Our faith is full of mystery.  There are many things we are asked to believe by faith, which our own reasoning could never reveal to us.  One example is the Eucharist.  In the sixth chapter of John's gospel Jesus tells the gathered crowd over and over again in the most emphatic way, "Truly, truly, unless you eat my flesh and drink my blood you will have no life in you."  What are we to make of this radical statement?  Most of the crowd left.  Peter and the other apostles remained.  Even though they did not understand what Jesus meant by this teaching, they had faith.  They trusted Jesus.  "Lord, to whom would we go?" Peter tells Christ.  "You have the words to eternal life."

We are like Peter today.  We are asked to have faith.  A scientist in a lab could examine the Eucharist under a microscope all day long and find nothing there but bread and wine.  Our reason alone would never lead us to believe that there is anything special about it.  But Jesus said, "This is my body," and "this is the chalice of my blood."  And so we believe -- not because we perceive with our senses that the Eucharist is the Body and Blood of our God, but because we trust in the one who tells us, "This is my body."

Jesus Himself is a similar mystery.  Those in Galilee who saw him, worked with him, lived down the road from him, would not have seen anything with their eyes that would have led them to believe he was anything other than an ordinary man.  Our best doctors today could give Jesus a thorough physical and find nothing in their examinations except for a human being.  Yet we believe he is God incarnate, the maker of the universe, eternal and omnipotent.  This is not a fact subject to the scientific method that we can prove or disprove.  It is a matter of faith.

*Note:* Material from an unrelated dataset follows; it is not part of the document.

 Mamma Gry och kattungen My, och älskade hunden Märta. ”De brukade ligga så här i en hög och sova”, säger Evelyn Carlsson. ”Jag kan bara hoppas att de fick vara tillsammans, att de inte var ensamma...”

Today is a special day set aside in the calendar of the Church to honor the Holy Trinity.  In truth, we celebrate the Trinity at each Mass, and whenever we pray in the name of the Father and of the Son and of the Holy Spirit.  How often do we recite those words?  At baptisms, when we cross ourselves, when we pray the Glory Be, whenever we gather as Christians we do so in the name of the Trinity.

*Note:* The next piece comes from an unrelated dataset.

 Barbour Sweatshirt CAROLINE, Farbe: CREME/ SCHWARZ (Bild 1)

The Church teaches, because Christ revealed it, that God exists as a Trinity of Persons united in a single being.  The Father is God, Jesus the Son is God, and the Holy Spirit is God.  And there is one God.  This is not a contradiction.  We are not saying that there are three Gods and one God at the same time.  We are not asked to believe anything contrary to reason.  What is one in God is one thing (essence, or being), and what is three in God is another (person).  This is not self-contradictory and so is not against reason, but it is above reason.  The wisest of our philosophers could ponder the nature of God for a lifetime and come to understand many things about the maker of the universe, but not this.  Nothing in our human experience would lead us to deduce the Trinity.

We don't know how this could be.  In our experience individual persons each have their own unique existence, and so we simply do not understand the concept of three persons sharing one existence.  But, like the Eucharist, it is neither required nor expected that we understand.  It is enough that we trust. 

We have been given a special gift.  We have been given a privileged glimpse into the inner life of God.  Jesus has pulled back the curtain of heaven just a little bit and allowed us to have a peek.  What we see inside is mind blowingly fantastic.  It is nothing we could have expected.  It is a mystery, one in which we are called to participate more and more as we grow in sanctity.

God exists as a community of Persons.  This means God's life is relationship; God's life is love.  This God is the author of our lives and we are made in His image.  Mediate today upon the beautiful mystery of the Holy Trinity and ask God to help you to see the opportunities for trinitarian love in your own life.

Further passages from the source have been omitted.